WHAT IS NEEDED: Exclude all pictures from your copy of the data below, which should otherwise match exactly.

DATA:
____________

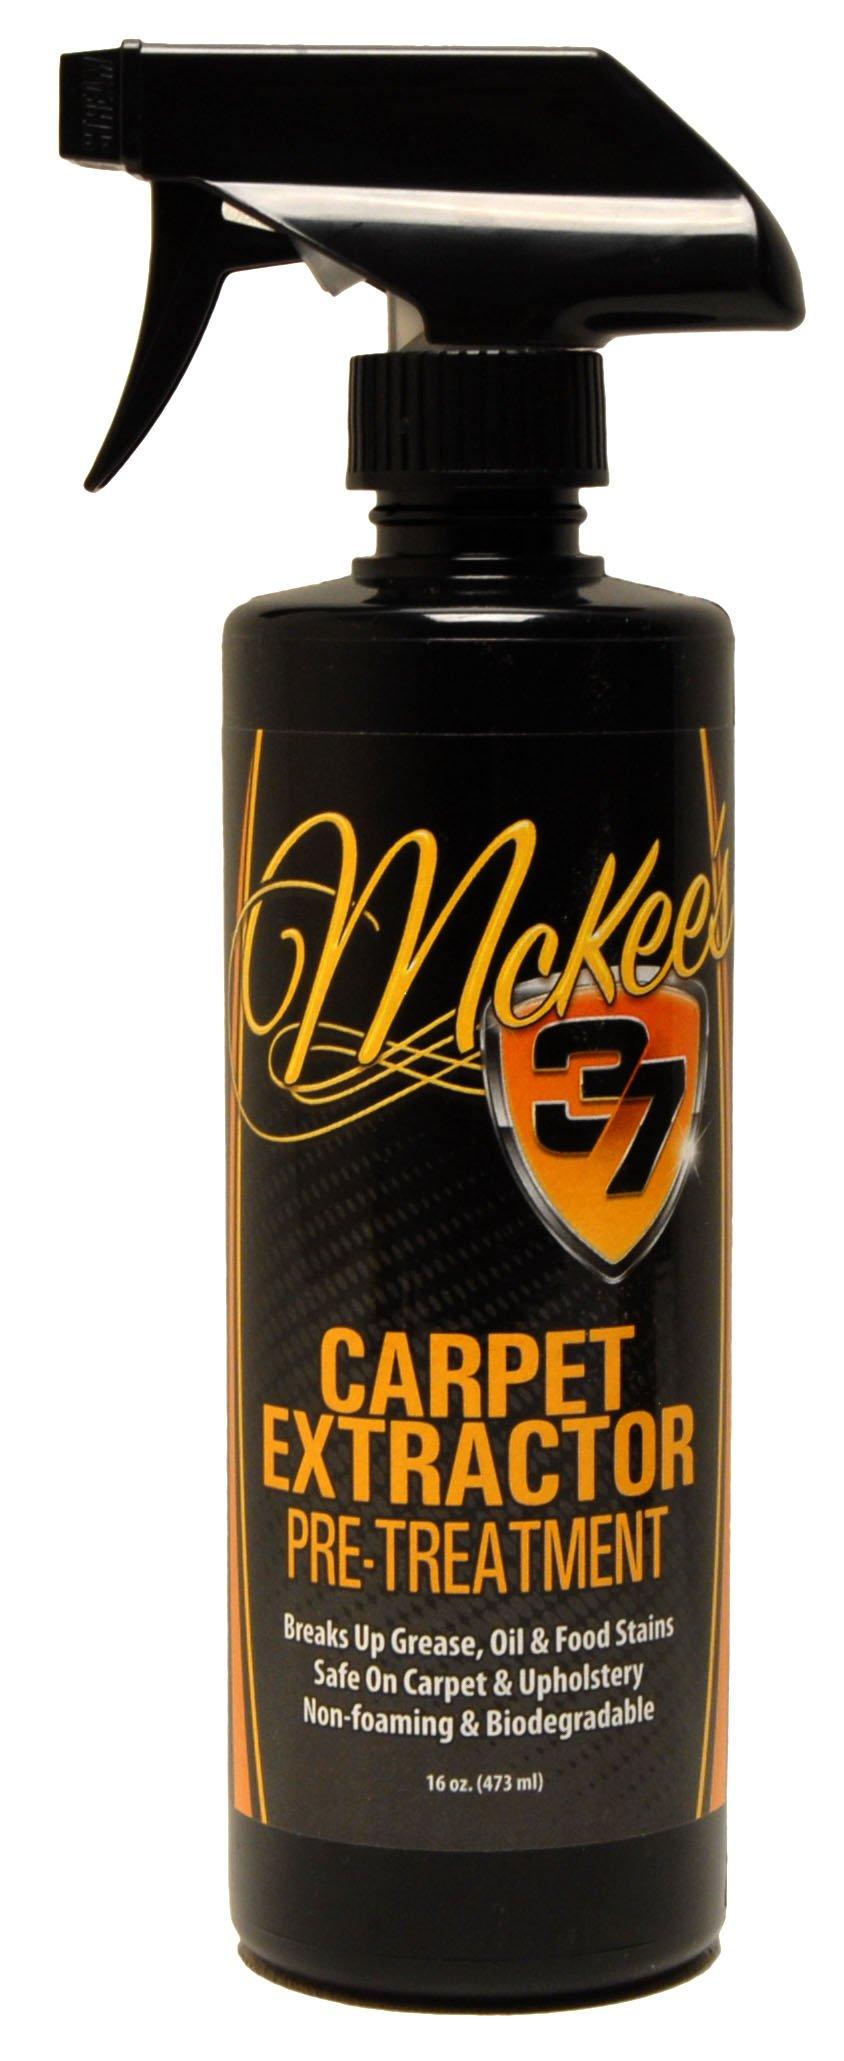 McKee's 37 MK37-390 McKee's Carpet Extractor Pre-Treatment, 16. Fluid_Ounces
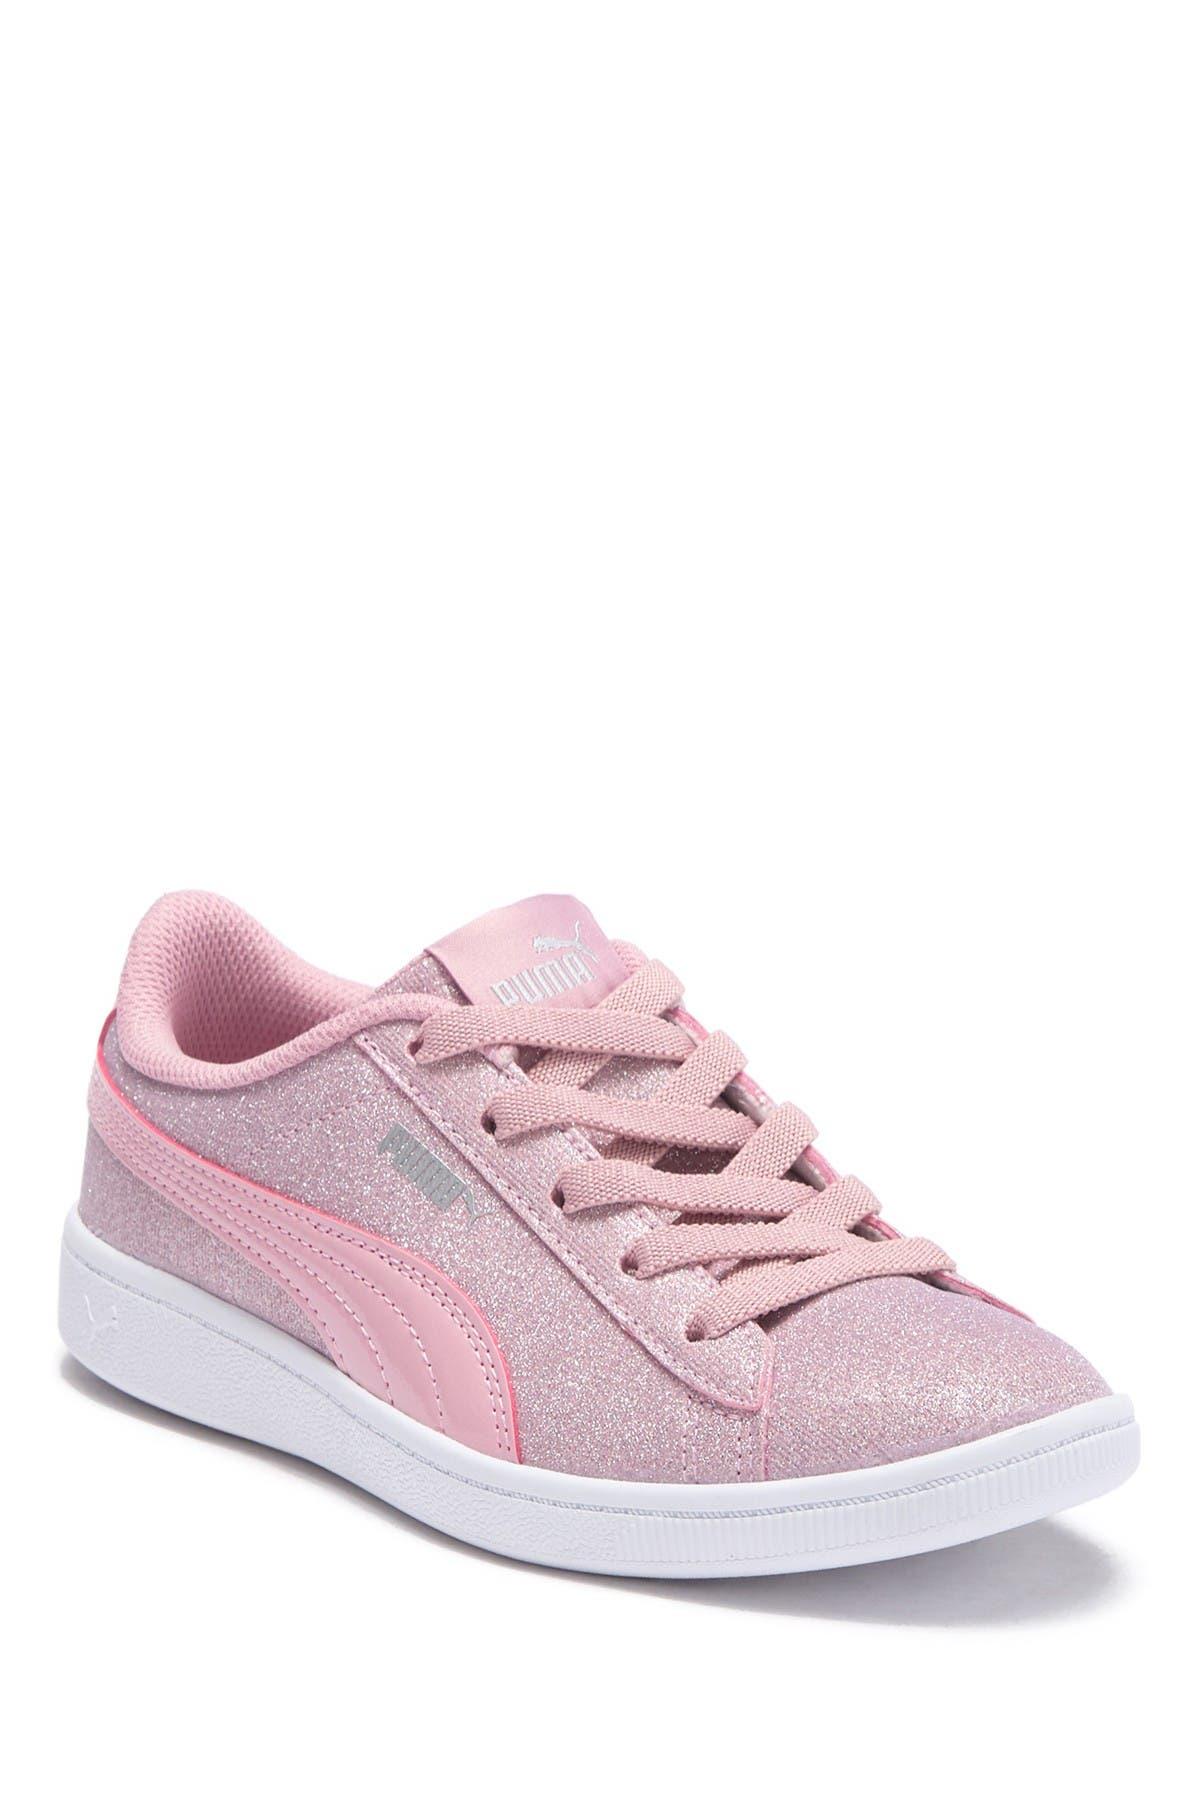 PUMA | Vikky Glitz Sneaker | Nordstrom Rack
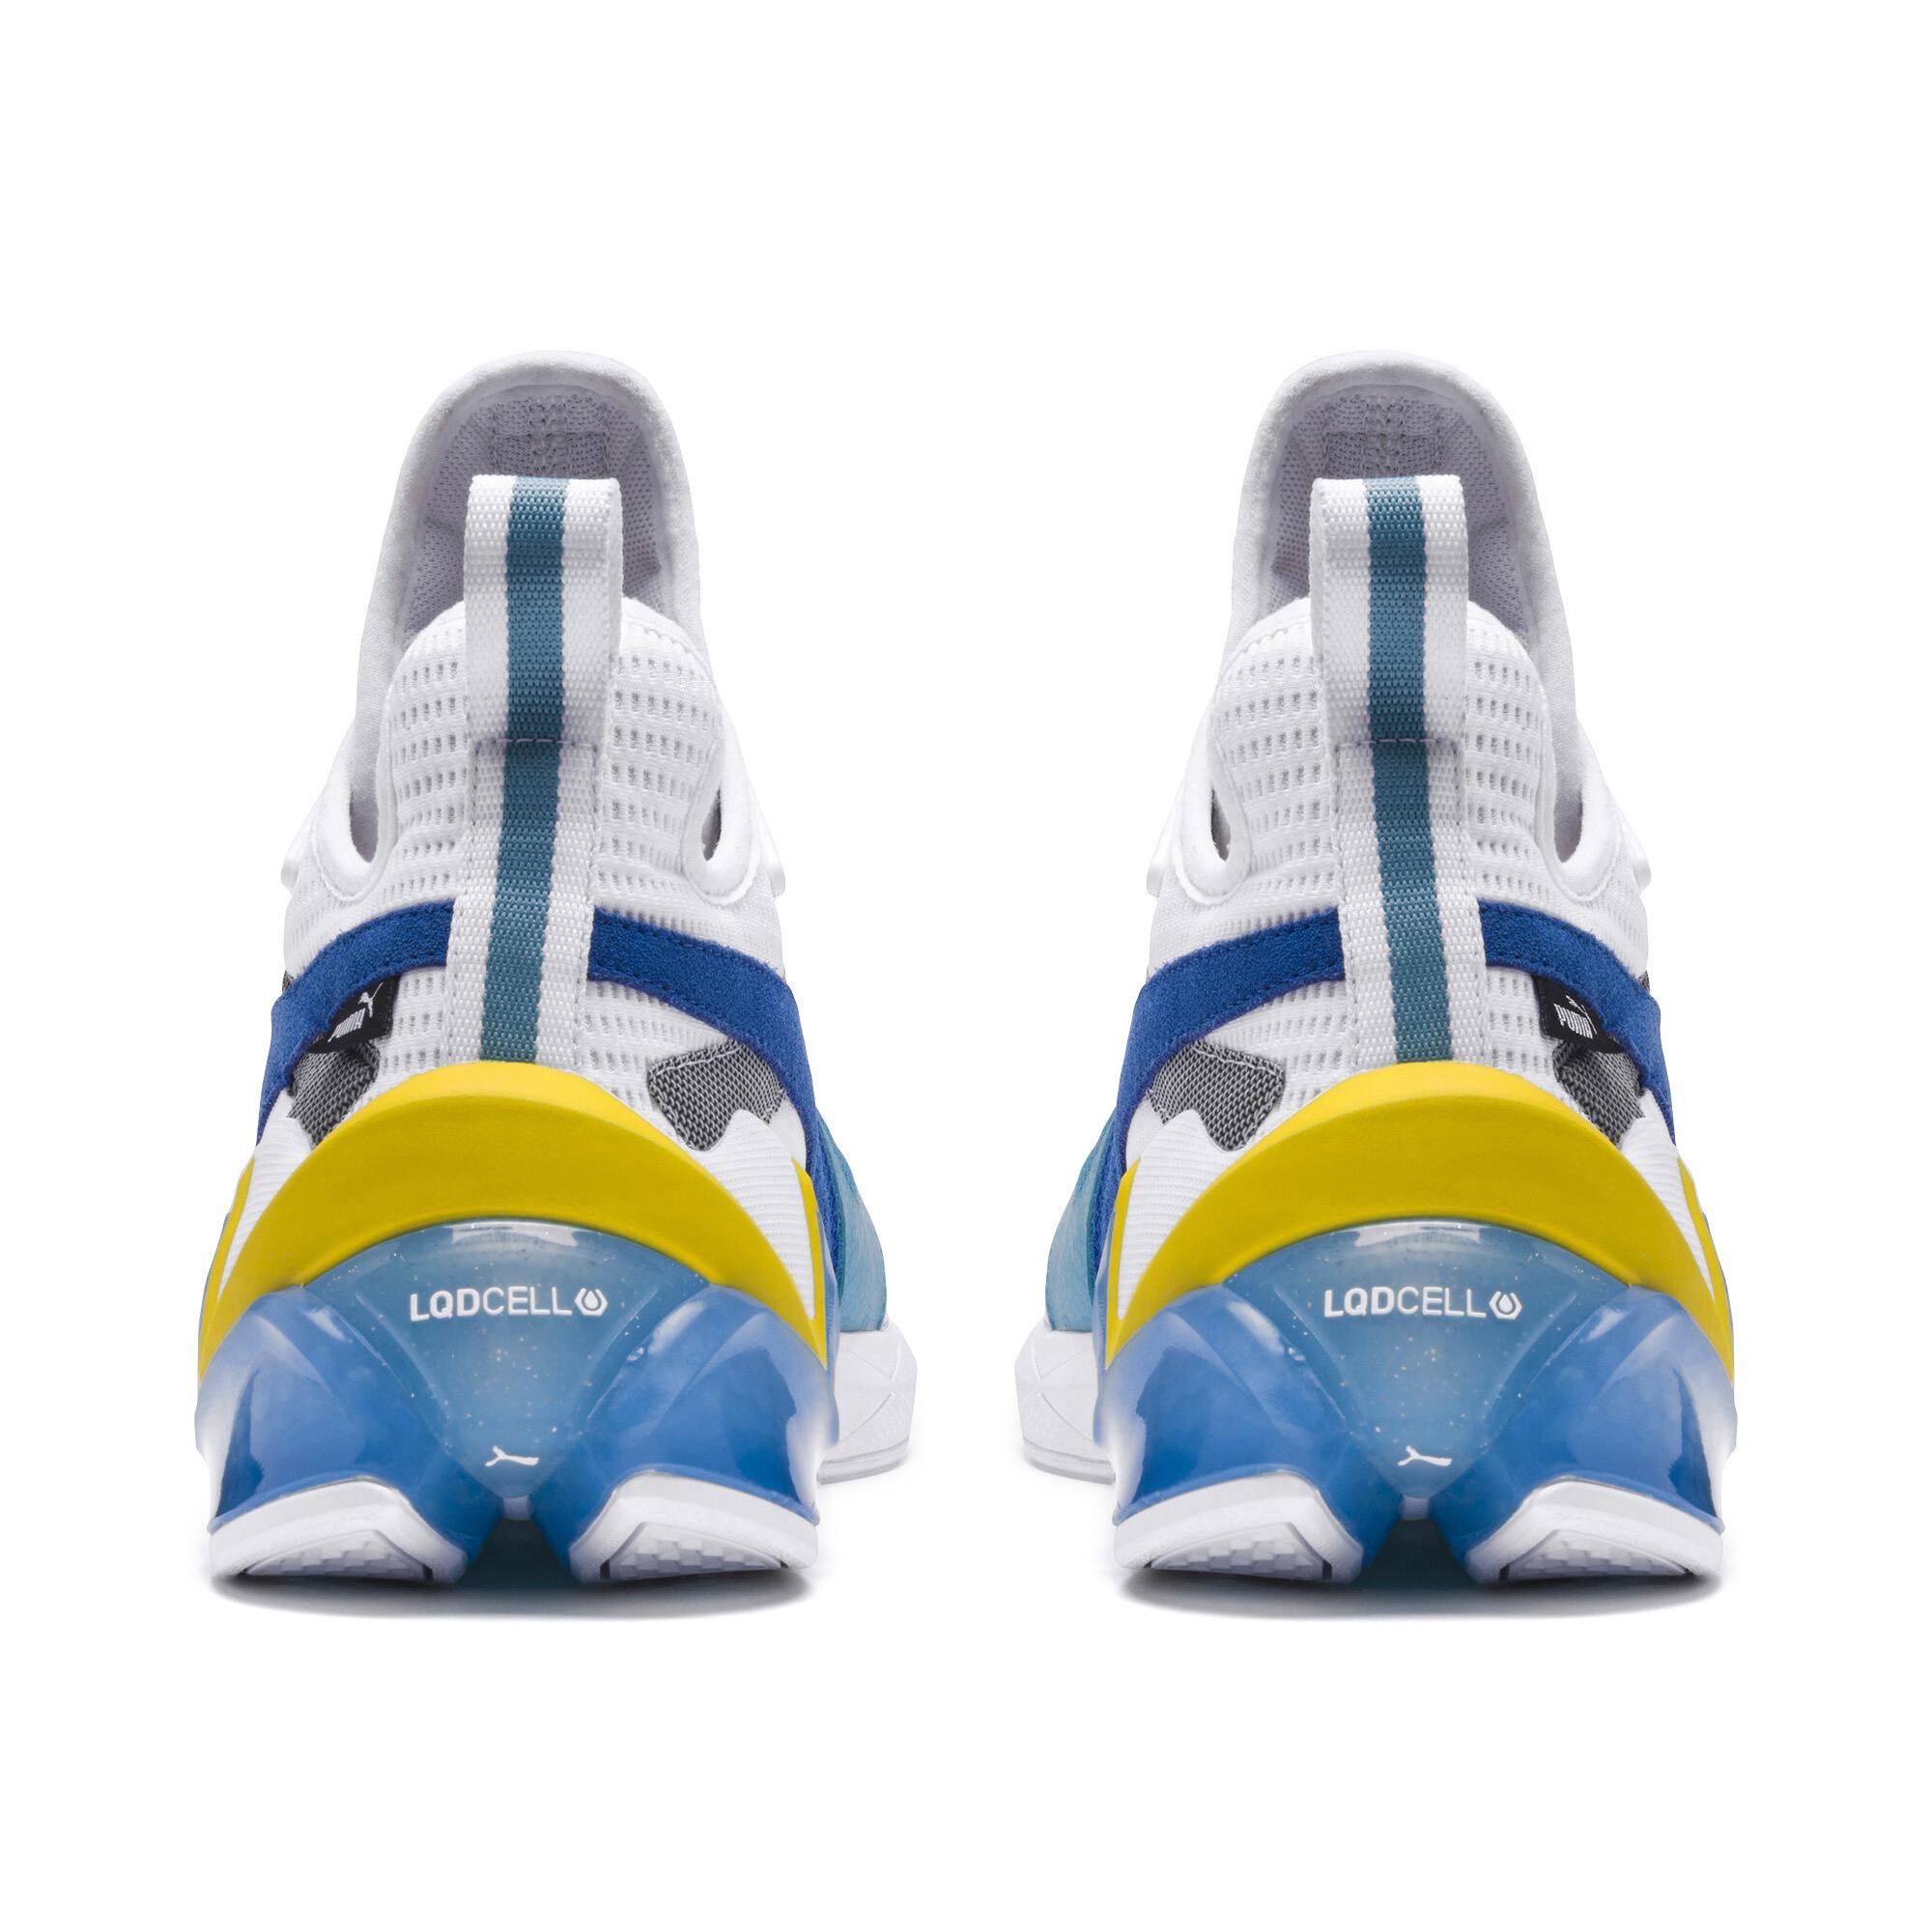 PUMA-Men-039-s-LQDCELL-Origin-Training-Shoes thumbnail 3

____________

SOLUTION:
 McKee's 37 MK37-390 McKee's Carpet Extractor Pre-Treatment, 16. Fluid_Ounces
 PUMA | Vikky Glitz Sneaker | Nordstrom Rack
 PUMA-Men-039-s-LQDCELL-Origin-Training-Shoes thumbnail 3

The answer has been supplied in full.